A bill that would extend tax breaks for apartment and hotel construction to all corners of Shelby County has already received approval from the Tennessee Senate and is headed for approval by the House.
State Sen. Brian Kelsey of Germantown and state Rep. Kevin Vaughan of Collierville are sponsoring a bill (SB1736 and HB2064) to amend a section of Tennessee Code Annotated to allow industrial development boards (IDB) in Shelby County to approve PILOT (payment-in-lieu-of-tax) incentives for apartment and hotel projects.
Currently, PILOTs for multifamily residential projects are limited to a Central Business Improvement District, which for Memphis is inside the Parkways, plus the Mid-South Fairgrounds.
“It’s important to realize this bill does not make any determination on individual projects,” Vaughn said. “It merely admits local IDBs to make the decision for themselves. The decision to grant the benefit still 100 percent lies on the local level.”
On Wednesday, the house’s Local Government Subcommittee recommended the bill be passed by the full committee.
When subcommittee member Rep. John Crawford asked Vaughn who brought him the bill, Vaughn said it came from the Economic Development Growth Engine (EDGE) for Memphis & Shelby County.
Last July, EDGE president and CEO Reid Dulberger said it was the intent of EDGE and Memphis Mayor Jim Strickland’s administration to ask the legislature to create a carve-out for Shelby County.
John Lawrence, EDGE’s senior economic development specialist, attended the subcommittee meeting in Nashville Wednesday and confirmed EDGE was aware and in support of the bill.
“The City of Memphis, unincorporated Shelby County and some of the other municipalities have interest in looking at projects that are not in the existing geography,” Dulberger said in a recent interview with the Memphis Business Journal.
Dulberger said the Strickland administration wants to build population density within the city, and PILOTs are the tool for spurring apartment development in areas such as Binghampton, Whitehaven, Orange Mound, New Chicago and Frayser, where the market’s rent structure will not justify new construction or substantial renovation.

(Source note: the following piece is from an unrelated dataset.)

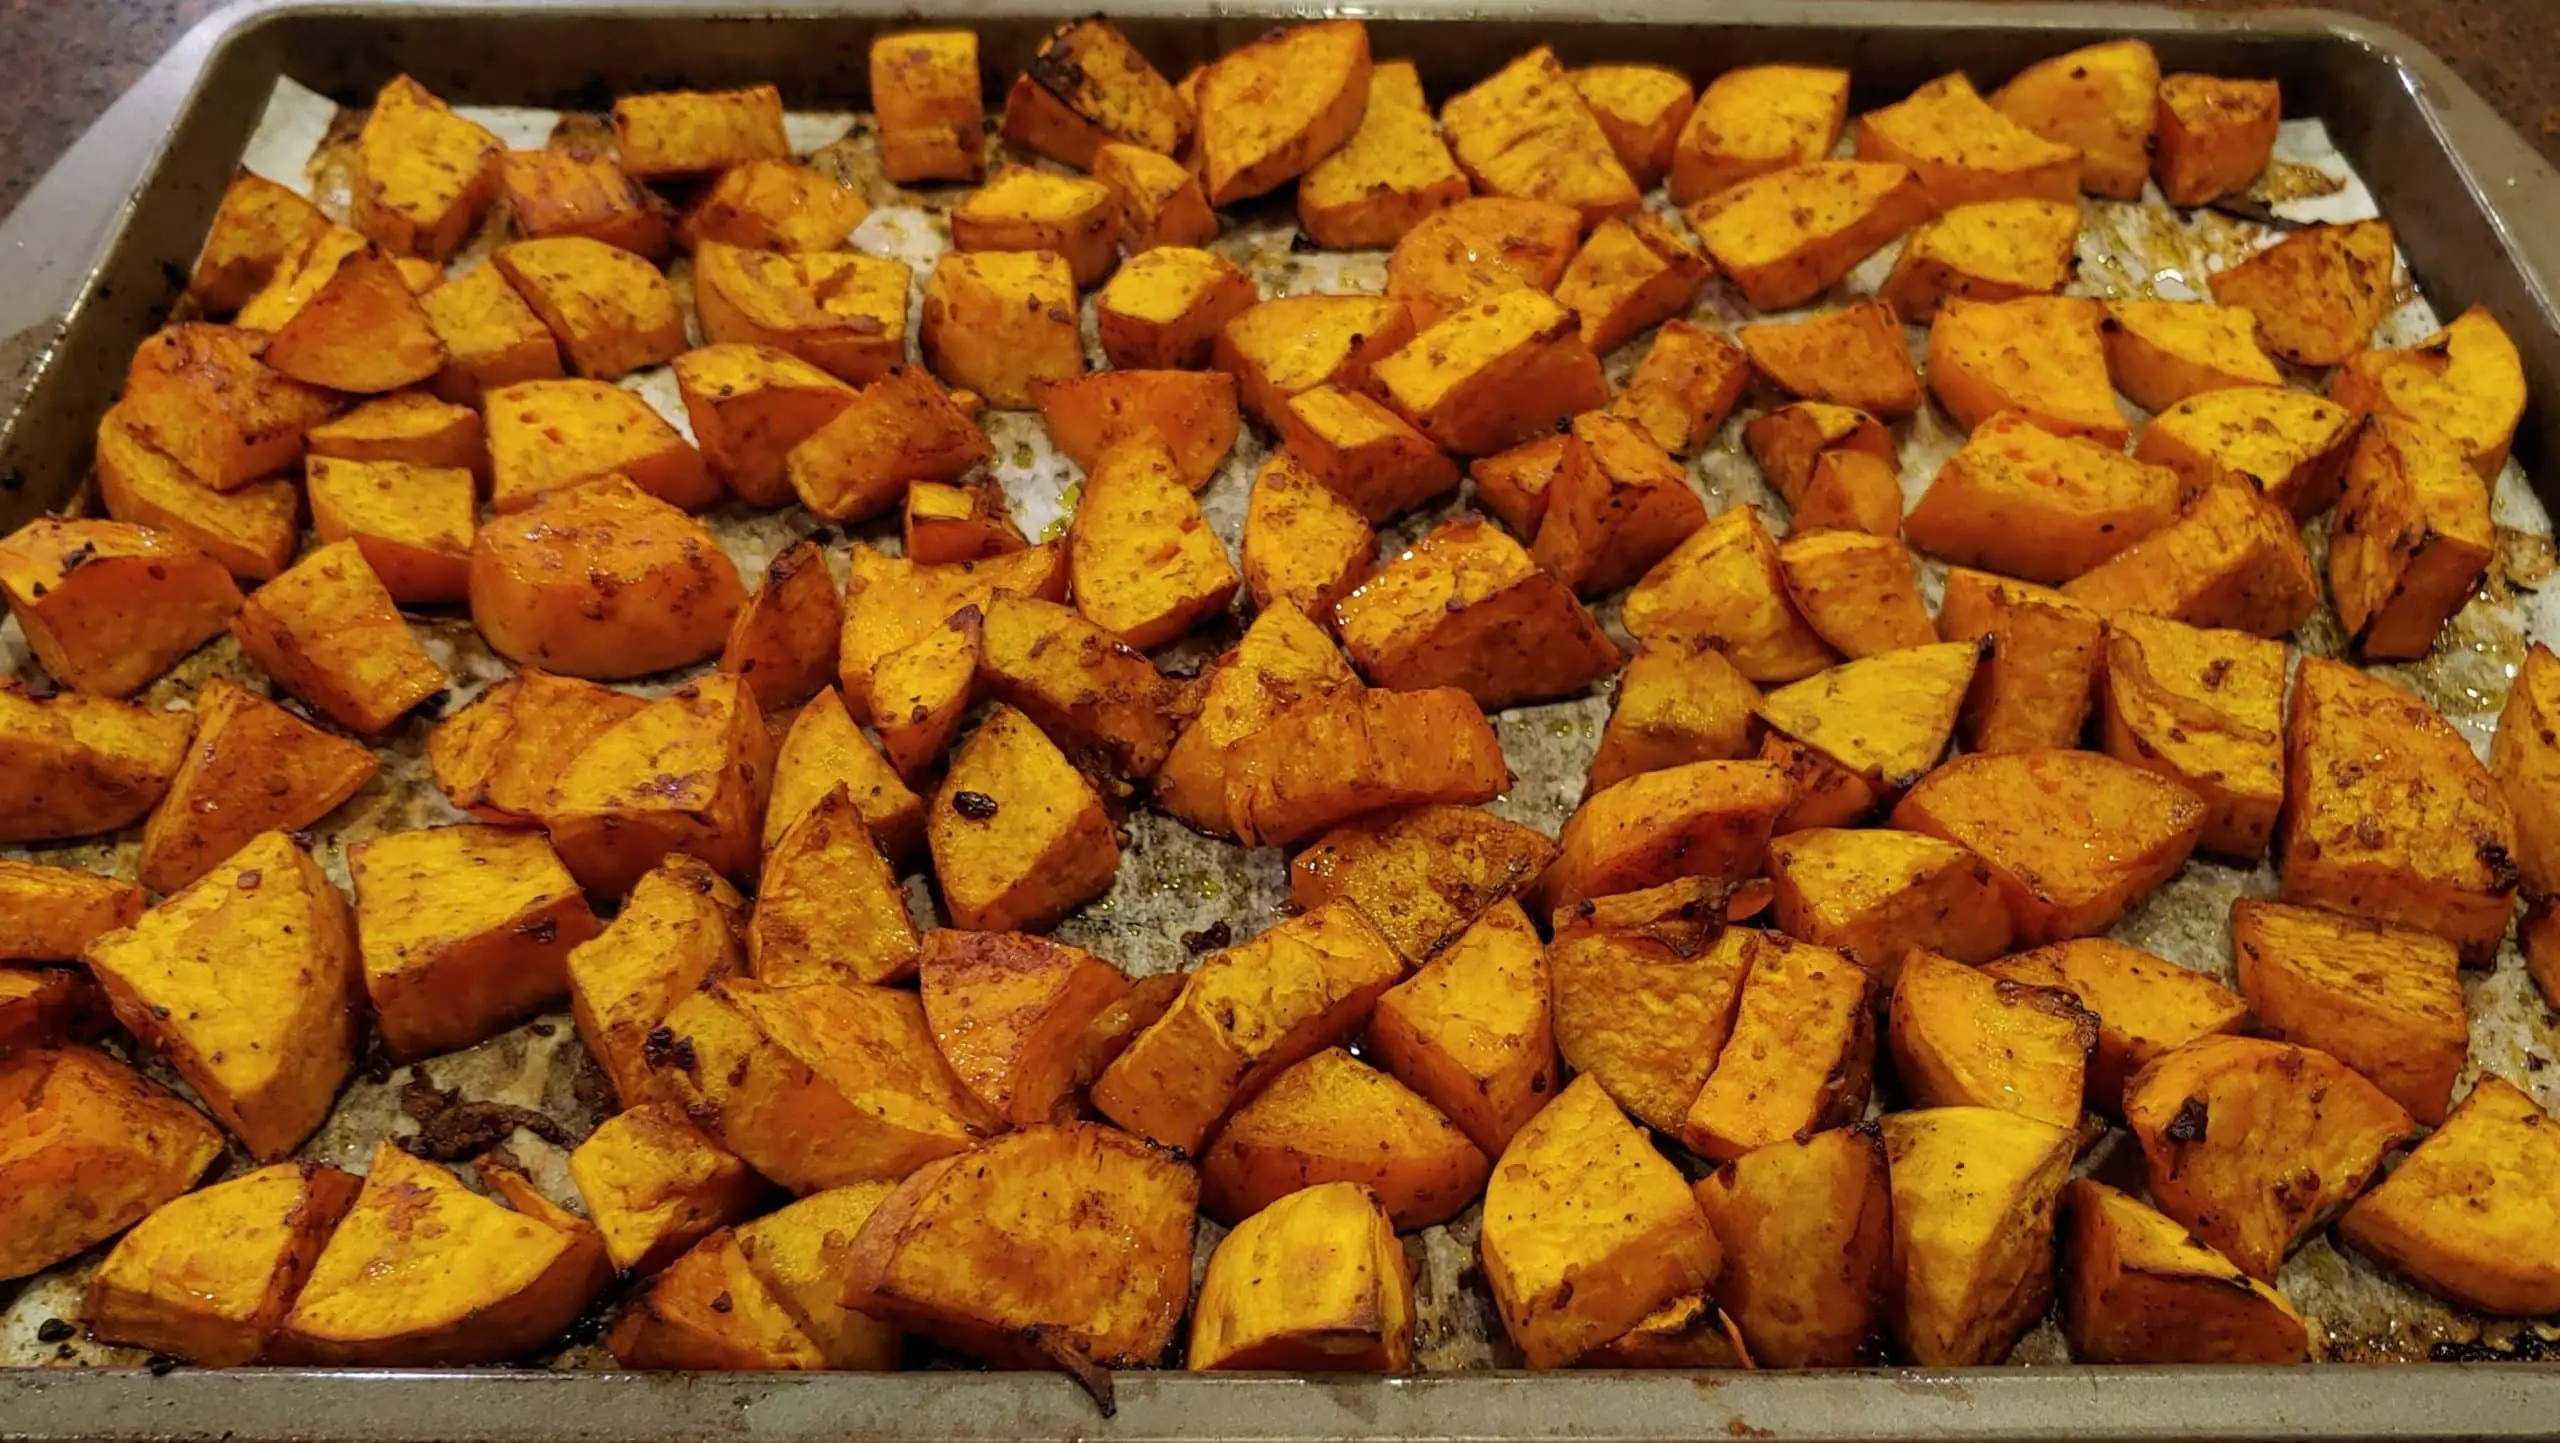 Sweet Potatoes - Dining in with Danielle

The legislation’s sponsors are from Collierville and Germantown, and the bill would allow multifamily and hotel projects in those areas to be incentivized, too. But Dulberger said he would be surprised if the bill was used for those projects.
“Knowing the mayors and the climates there today, I don’t think that they believe they need the tool and the empirical evidence supports that,” Dulberger said, pointing to the success of Germantown, Collierville and Bartlett in attracting new projects.
Vaughan echoed Dulberger’s observation of the current political climate.
“In Collierville and Germantown, those locations are not receptive these days to multifamily projects at all — much less with an incentive,” Vaughan said. “The bill won’t change that local control of land use, but it gives areas, where they feel the need to be incentivized, [a PILOT] if they see a project they want to move forward.”
Jim McCullough, senior vice president of Commercial Real Estate with SunTrust Bank, told the Memphis Business Journal that he knows of several “great projects lined up” should the bill pass.
While he is aware of EDGE’s interest and the support from both Strickland and Shelby County Mayor Mark Luttrell Jr., Vaughan said he has not heard from other IDBs or developers.
“I am unaware of any specific project that is awaiting this legislation,” Vaughan said.
Vaughan expects the bill to make it to the House floor in no more than three weeks.
“We believe we here in Shelby County are sophisticated enough to use [PILOTs] appropriately and we are simply asking the state for the freedom and flexibility to use that tool where appropriate,” Dulberger said.